Methods: We used the Resource Description Framework (RDF) for data representation, Fuseki triple store for data storage, and Sgvizler for information visualization. Additionally, we integrated SPARQL query interface for interacting with the data. We primarily use the WHO health observatory dataset to test the system. All the data were represented using RDF and interlinked with other related datasets on the Web of Data using Silk—a link discovery framework for Web of Data. A preliminary usability assessment was conducted following the System Usability Scale (SUS) method.

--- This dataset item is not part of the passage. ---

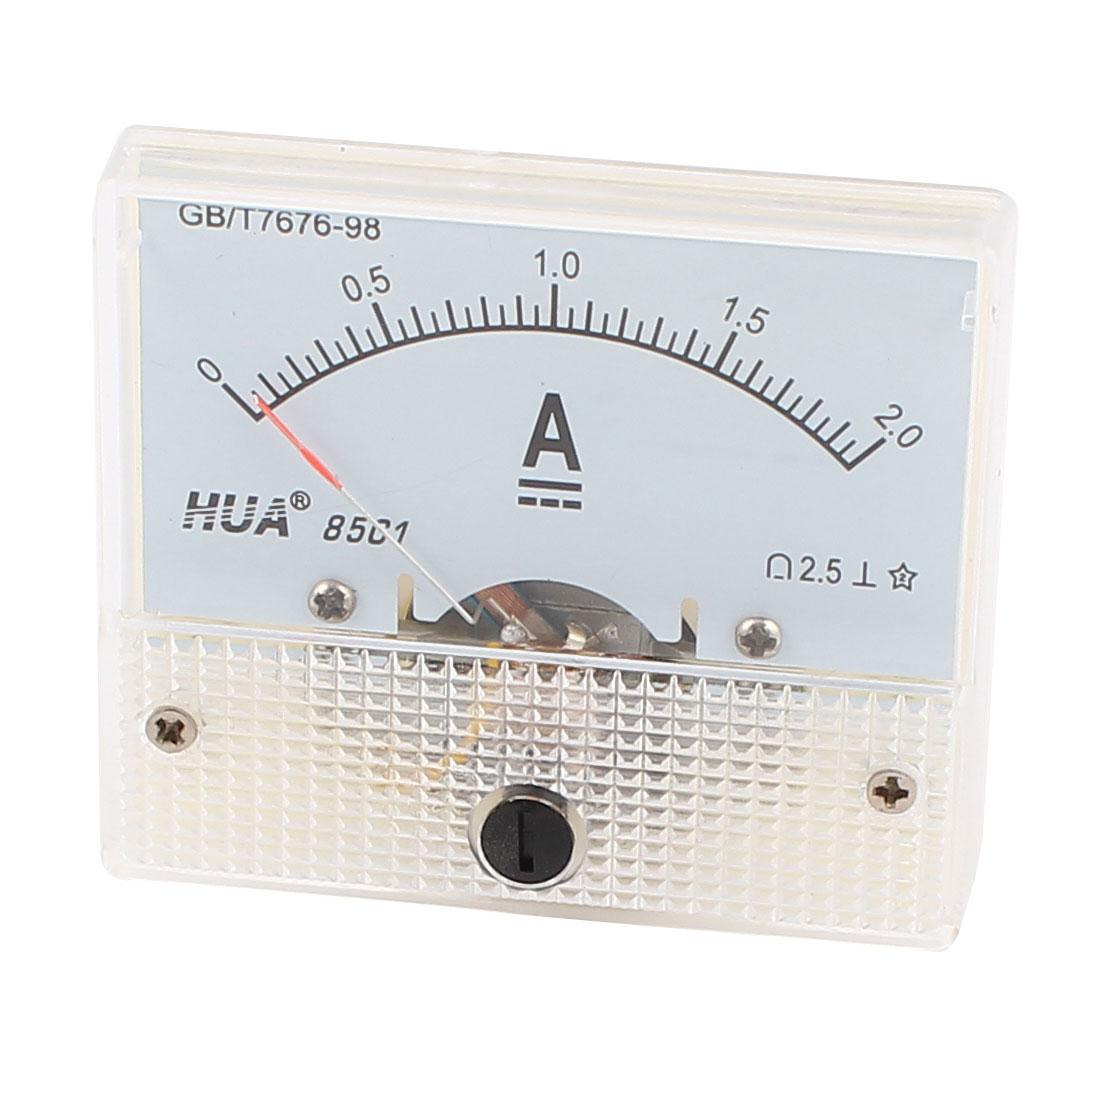 85C1 Panel DC Current Ampere Meter Analog Ammeter 0-2A

Results: We developed an LOD-based health information representation, querying, and visualization system by using Linked Data tools. We imported more than 20,000 HIV-related data elements on mortality, prevalence, incidence, and related variables, which are freely available from the WHO global health observatory database. Additionally, we automatically linked 5312 data elements from DBpedia, Bio2RDF, and LinkedCT using the Silk framework. The system users can retrieve and visualize health information according to their interests. For users who are not familiar with SPARQL queries, we integrated a Linked Data search engine interface to search and browse the data. We used the system to represent and store the data, facilitating flexible queries and different kinds of visualizations. The preliminary user evaluation score by public health data managers and users was 82 on the SUS usability measurement scale. The need to write queries in the interface was the main reported difficulty of LOD-based systems to the end user.

Conclusions: The system introduced in this article shows that current LOD technologies are a promising alternative to represent heterogeneous health data in a flexible and reusable manner so that they can serve intelligent queries, and ultimately support decision-making. However, the development of advanced text-based search engines is necessary to increase its usability especially for nontechnical users. Further research with large datasets is recommended in the future to unfold the potential of Linked Data and Semantic Web for future health information systems development.